To address the above conditions, we use a techniqe called [t-distributed stochastic neighbour embedding or t-SNE](https://en.wikipedia.org/wiki/T-distributed_stochastic_neighbor_embedding). The algorithm attempts to take high dimensional data sets and represents them in two dimensions so that objects that are similar are represented by nearby points and objects that are dissimilar are represented by distant points with high probability.<br><br>
For our implementation, we chose the [TSNE algorithm](https://scikit-learn.org/stable/modules/generated/sklearn.manifold.TSNE.html) from the sklearn.manifold library. The below code block creates two arrays, the first one is called "labels" and it stores each word occurring in our vocabulary. The second array "tokens" stores the high dimensional vector representations of each word in the vocabulary. This second array is passed to the t-SNE algorithm to get a two dimensional representation of the coordinates computed by the t-SNE algorithm. This is stored into two arrays x and y. Finally, the code generates a scatter plot for (x,y) pairs with labels stored in the "labels" array.<br><br>
For the purposes of our visualization, we will take **100 words** from our vocabulary and visulize them in a scatter plot.

In [None]:
labels = []
tokens = []
i=1

for word in word_vec.wv.vocab:
        tokens.append(word_vec[word])
        labels.append(word)
        i += 1 
        if i==100:
            break
        
    
tsne_model = TSNE(perplexity=10, n_components=2, init='pca', n_iter=500, random_state=10)
new_values = tsne_model.fit_transform(tokens)

x = []
y = []
for value in new_values:
    x.append(value[0])
    y.append(value[1])

plt.figure(figsize=(20, 20)) 
for i in range(len(x)):
    plt.scatter(x[i],y[i])
    plt.annotate(labels[i],
                 xy=(x[i], y[i]),
                 xytext=(5, 2),
                 textcoords='offset points',
                 ha='right',
                 va='bottom',
                fontsize=15)
plt.show()

### Understanding the T-SNE Plot
As described above, the plot provides a visual representation of the adverse reactions of drugs in a 2 dimensional space.
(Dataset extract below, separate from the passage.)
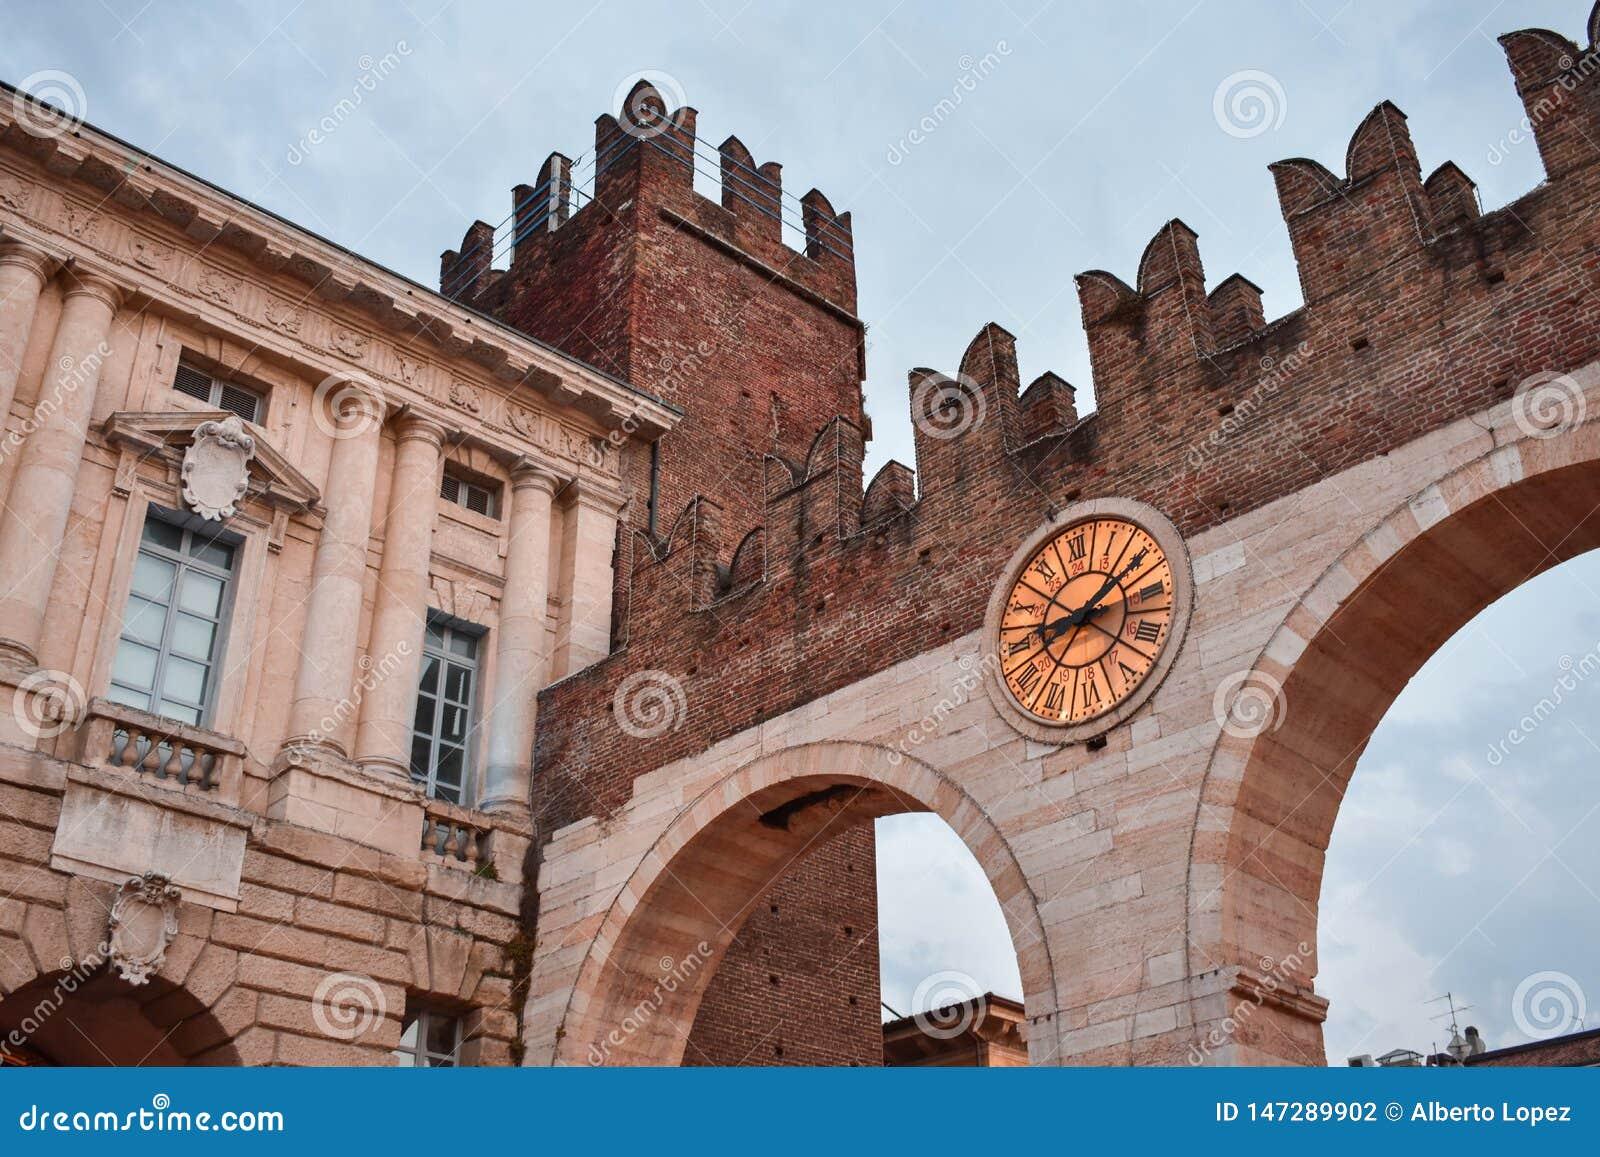 Medieval italian castle in Verona: Portoni della Bra.

The closer the terms are to each other, the more related they are. This allows you to see how the vocabulary is distributed overall. Lets zoom in to the plot and example some terms.

Screen Shot 2019-11-21 at 3.34.45 PM![](images/download2.png)
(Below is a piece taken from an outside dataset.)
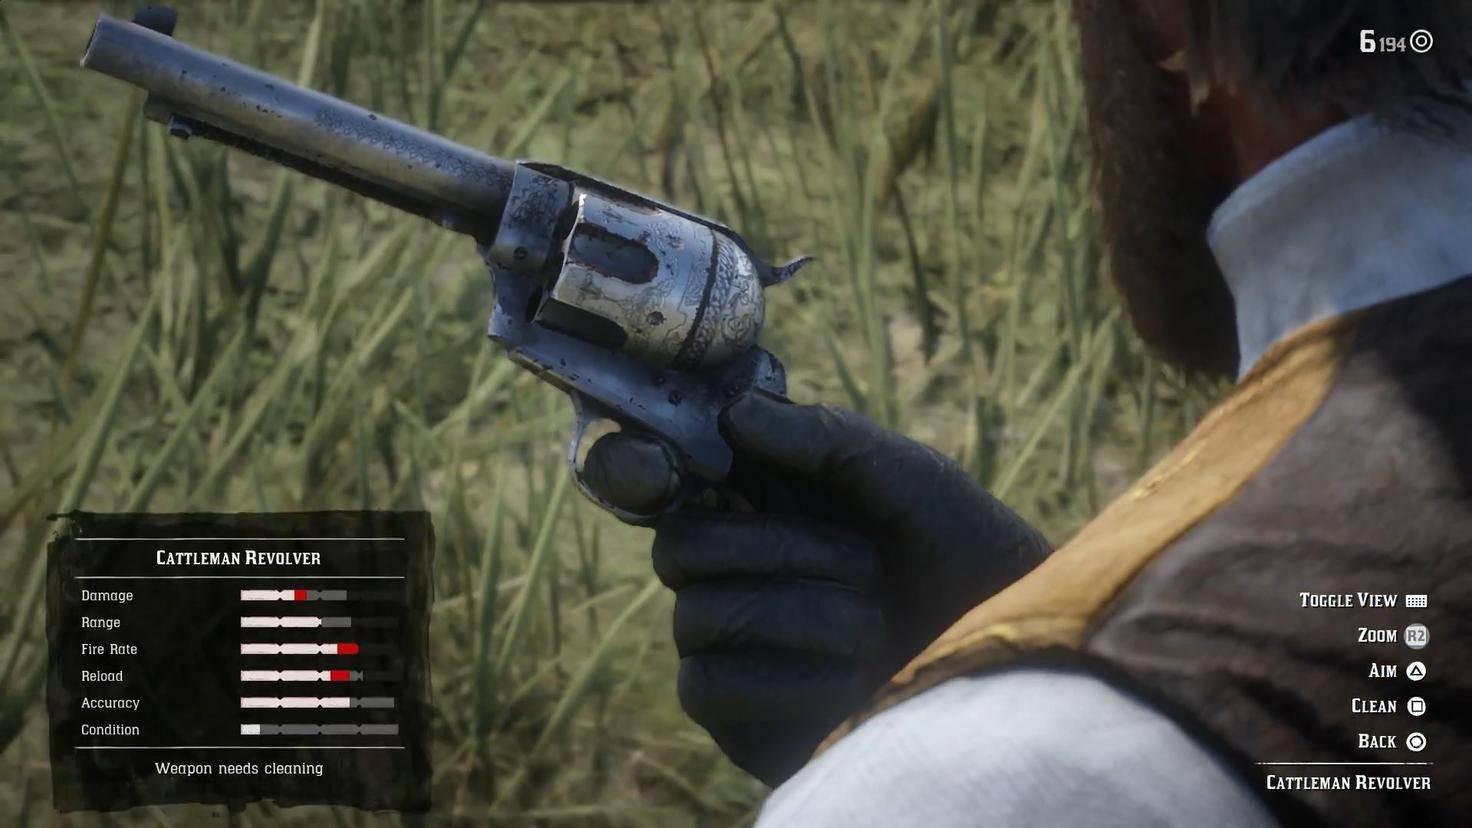 Dieser verdreckte Revolver benötigt unbedingt eine Reinigung.

In the above, all sleep realted problems are appearing close to each other as they are closely realted. Zoom in on other parts of the plot and look at the various terms and how they appear on the plot. 
<br><br>
Now that we have generated our word embeddings using the gensim Word2Vec algorithm, we can make use of functions like "similar_to" to find all terms in our vocabulary that are similar to a certain term. Here is an example of all terms similar to "UTI"

In [None]:
word_vec.most_similar('UTI')

Try replacing UTI with other terms in the vocabulary and see the results.
<br><br>
Recall that the embeddings are vector representations of a word in a vocabulary. The model above stores these vectors as numpy arrays. We create a list of arrays for each word in our vocabulary in the variable "vecs"

In [None]:
vecs = []
for word in word_vec.wv.vocab:
        vecs.append(word_vec[word])


Here is how a single word is represented in our list of vectors.

In [None]:
vecs[0]

Now that we have our list of vectors, let's save it in a CSV file. We will use this file for training our k-means clustering algorithm. Note that because it is an unsupervised learning technique, we do not split the data into train and test. Instead, we use the same data to train a clustering model and for inference. During inference, the model returns a cluster label for each row in our dataset which allows us to group them together. To avoid any confusion, we create two variables: train_input for training and transform_input for inference. Note that both of them point to the same file on S3. 

In [None]:
np.savetxt("vectors.csv", vecs, delimiter=",")
train_input = sagemaker_session.upload_data(path='vectors.csv', key_prefix='scikit-kmeans/data')
transform_input = sagemaker_session.upload_data(path='vectors.csv', key_prefix='scikit-kmeans/data')
print(train_input)
print(transform_input)
print(train_input == transform_input)

## SageMaker Training
We will use SageMaker script mode to run our training. Script mode allows you to bring a training script and run it on Sagemaker with little modification. SageMaker runs this training in a container on an external instance and returns a trained model that can then be used for inference. The choice of container depends on the library being used in training. The library we are using for our training is Scikitlearn. Hence, SageMaker will run our training on [SageMaker Scikitlearn container](https://github.com/aws/sagemaker-scikit-learn-container). SageMaker also has similar containers for MxNet, TensorFlow and Pytorch. For reference, please look at the following link: https://docs.aws.amazon.com/sagemaker/latest/dg/pre-built-containers-frameworks-deep-learning.html
<br><br>
We have prepared a python training script for our use case called "condition_cluster.py" Lets see the script in more detail. 

In [None]:
! cat condition_cluster.py

The script above parses the arguments that are used for training the model, trains the model and then saves it in the path model_dir. This is a default environment variable SM_MODEL_DIR that Sagemaker providess to be used in our training script. Similarly, Sagemaker provides environement variables for loading the input training data (SM_CHANNEL_TRAIN) and storing the model data during training (SM_OUTPUT_DATA_DIR). For a full list of environment variables, please look at the following link: https://github.com/aws/sagemaker-containers#important-environment-variables
<br><br>
These variables are handy to interact with the remote training container thats executing your training script.
<br><br>
The script also contains a function called model_fn. This function is reponsible for loading the trained model from the disk and making it ready for inference.
<br><br>
Let us now create a [Sagemaker Scikitlearn estimator](https://sagemaker.readthedocs.io/en/stable/sagemaker.sklearn.html) object using our script.

In [None]:
script_path = 'condition_cluster.py'

sklearn = SKLearn(
    entry_point=script_path,
    train_instance_type="ml.c4.xlarge",
    role=role,
    sagemaker_session=sagemaker_session,
    hyperparameters={'n_clusters': 3, 'random_state':0})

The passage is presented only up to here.